Bosnian prelate of the Roman Catholic church

Tomo Vukšić (born 9 January 1954) is a theologian and a prelate of the Catholic Church from Bosnia and Herzegovina who was named metropolitan archbishop of Metropolitan Archdiocese of Vrhbosna in January 2022, after serving two years as archbishop coadjutor. He was the apostolic administrator of the Military Ordinariate of Bosnia and Herzegovina from 2020 to 2025.

== Early life ==

Vukšić was born in Studenci, Ljubuški in the region of Herzegovina. He attended elementary school in Studenci from 1961 to 1965, and then in Ljubuški from 1965 to 1969. After graduation, he enrolled at a classical gymnasium in Zagreb and studied there until 1973. He then went to the Catholic Faculty of Theology in Sarajevo, where he studied until 1980. He briefly interrupted his academic education to serve in the Yugoslav People's Army in Subotica in 1977 and Zrenjanin in 1978. After graduation, Vukšić was ordained a priest on 29 June 1980 by Petar Čule, bishop of Mostar-Duvno.

== Priesthood ==
Vukšić served as a chaplain at the Mostar cathedral and worked as a journalist for the diocesan magazine Crkva na kamenu from 1980 to 1982. He then studied in Rome, earning a licentiate in theology from the Pontifical Oriental Institute in 1984 and another in canon law from the Pontifical Urban University in 1986. Vukšić served as a diocesan secretary in Mostar until 1988, and then returned to Rome where he completed a doctorate in Oriental Christian theology at the Pontifical Oriental Institute in 1991, with a dissertation discussing the relations between the Catholics and the Eastern Orthodox in Bosnia and Herzegovina.

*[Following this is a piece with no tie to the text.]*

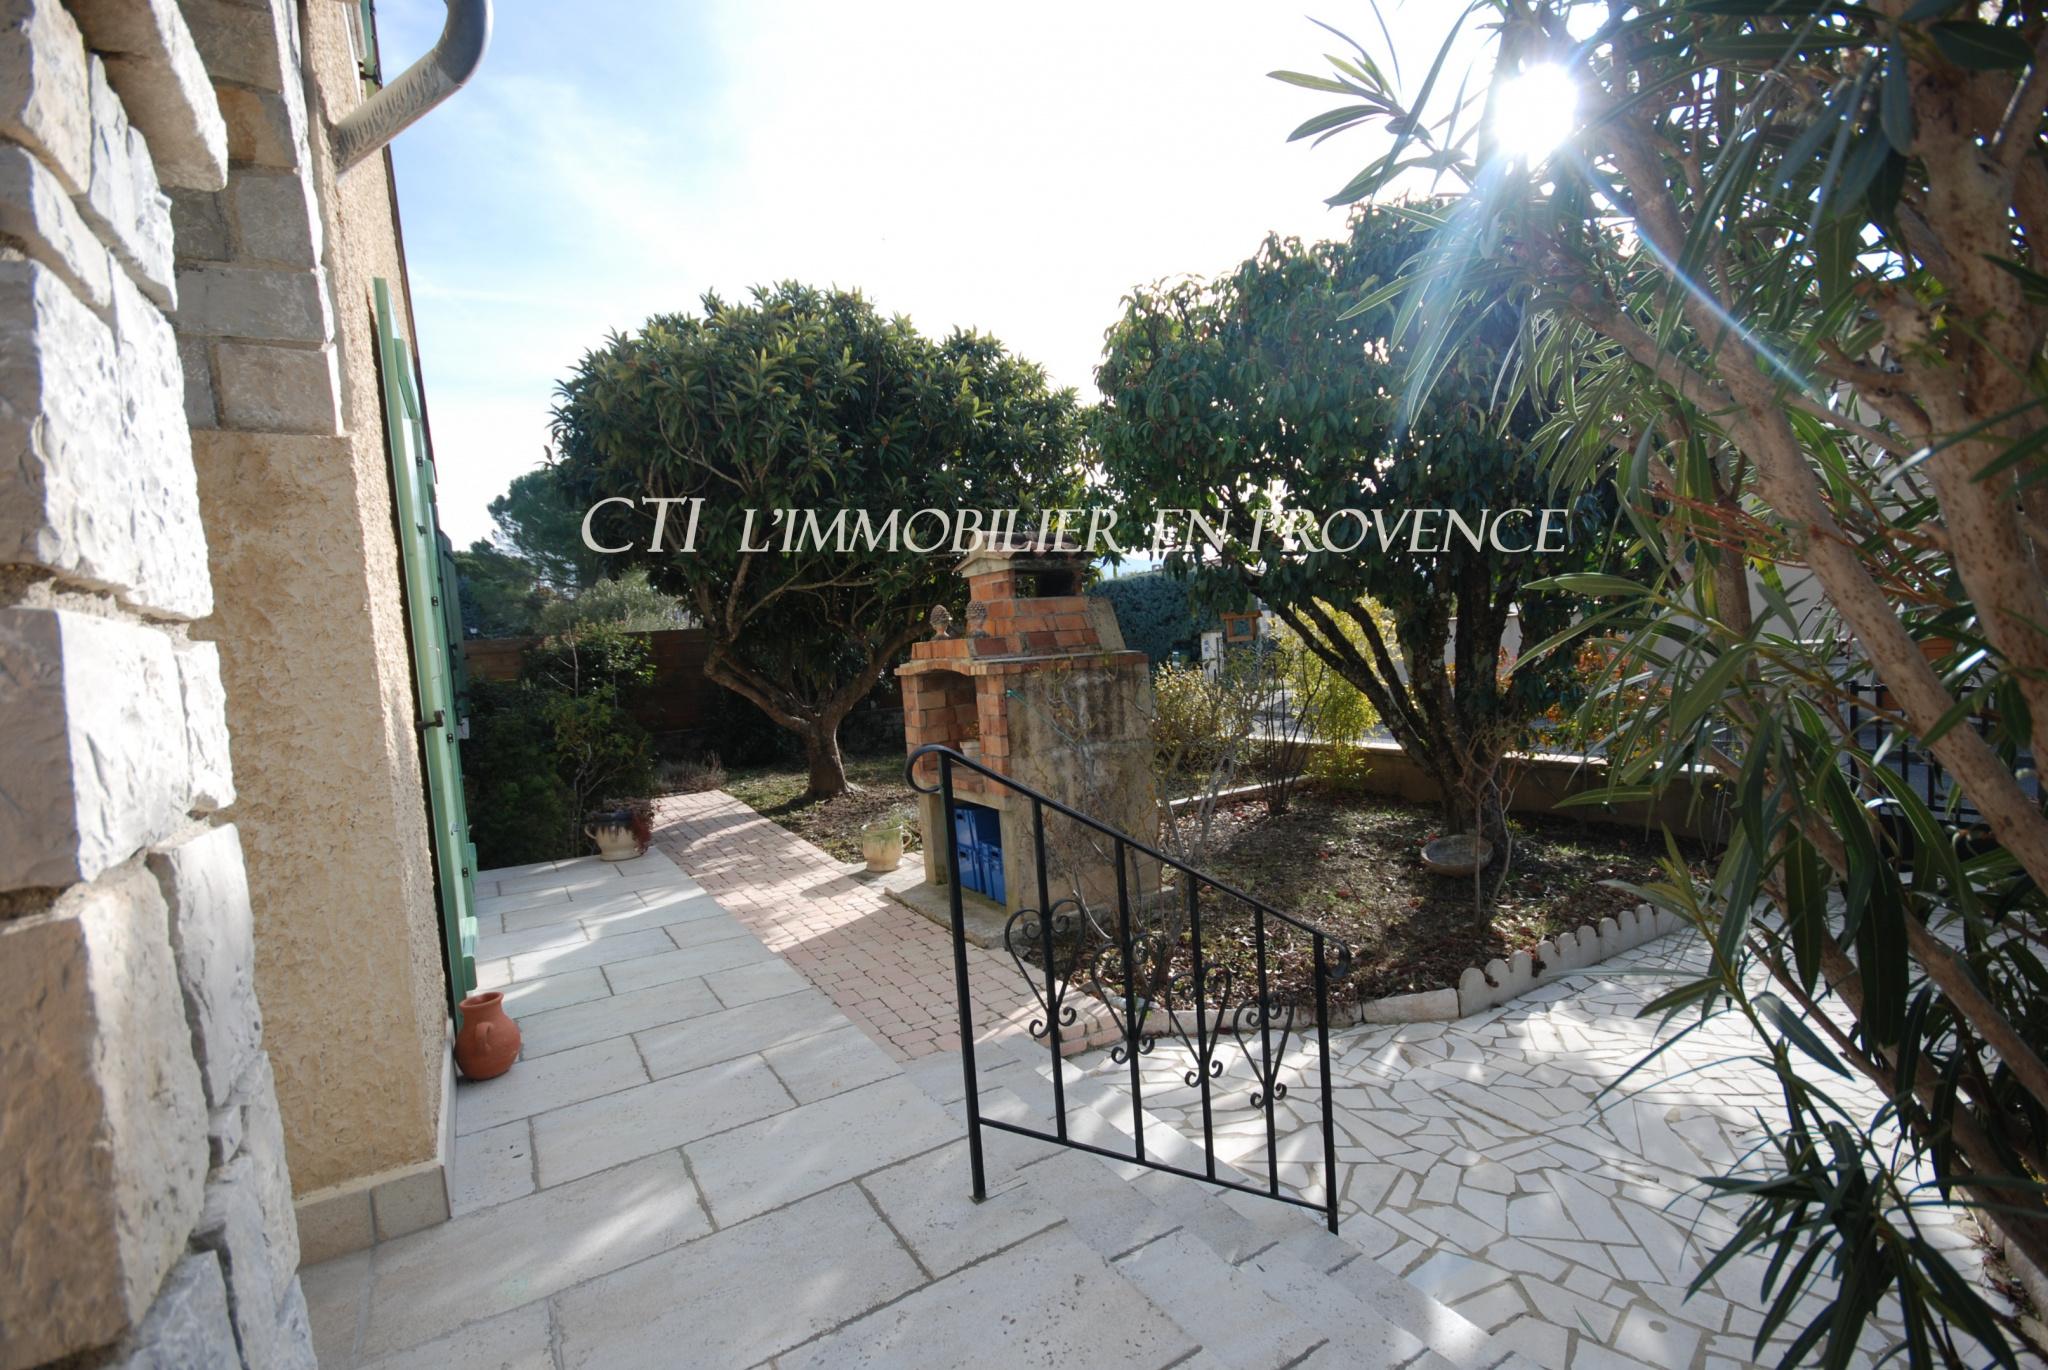 0  www.cti-provence.net MAISON VILLA PROCHE CENTRE VILLE VAISON LA ROMAINE CALME JARDIN  GARAGE
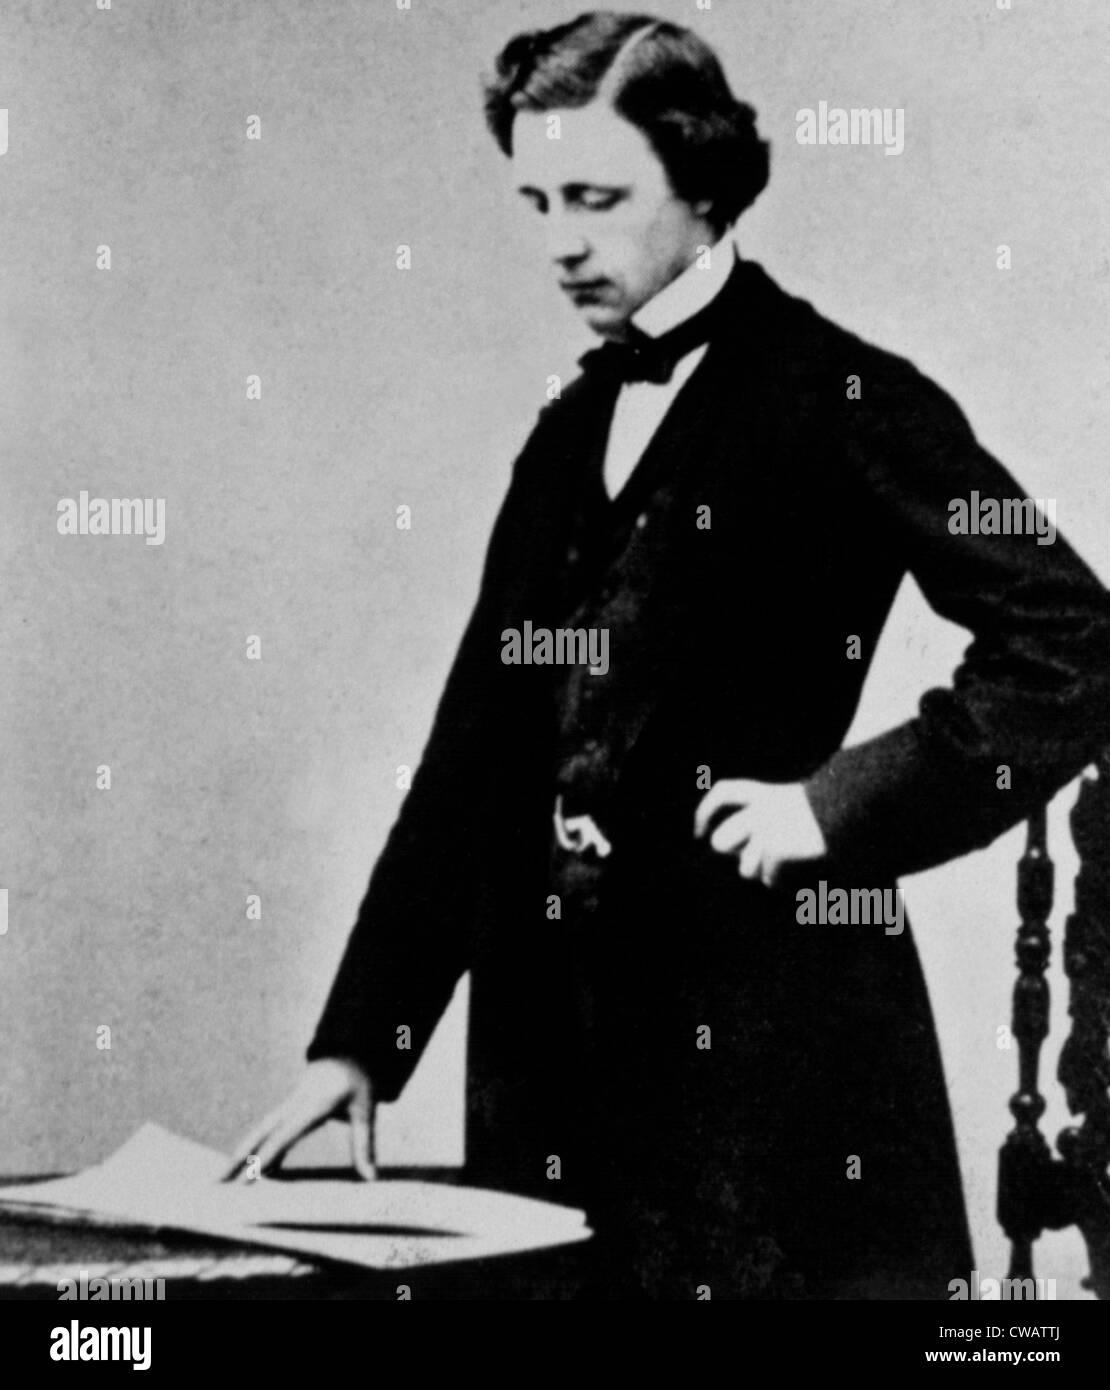 LEWIS CARROLL, (Charles Lutwidge Dogson) at 25. Author of Alice Wonderland, 1857. Courtesy: CSU Archives / Everett - Stock Image

Vukšić served as a professor at the Theological Institute in Mostar and was its director from 1991 to 1994. In 1991 he was appointed a professor at the Catholic Faculty of Theology in Sarajevo, and from 1993 to 1998 he was vice-rector there. Vukšić also lectured at the Theological Institute in Dubrovnik. Vukšić also held several posts in the ecclesiastical courts in Mostar and Sarajevo and served as the court vicar for the Diocese of Mostar-Duvno from 1993 to 2009. In 2005, Vukšić was appointed a professor at the post-graduate studies at the Catholic Faculty of Theology, University of Zagreb. In 2009, Vukšić was appointed a vicar general for the dioceses of Mostar-Duvno and Trebinje-Mrkan.

== Episcopacy ==

On 1 February 2011, Pope Benedict XVI appointed him the first bishop of the Military Ordinariate of Bosnia and Herzegovina. He was consecrated a bishop on 2 April 2011 in Mostar by Cardinal Vinko Puljić.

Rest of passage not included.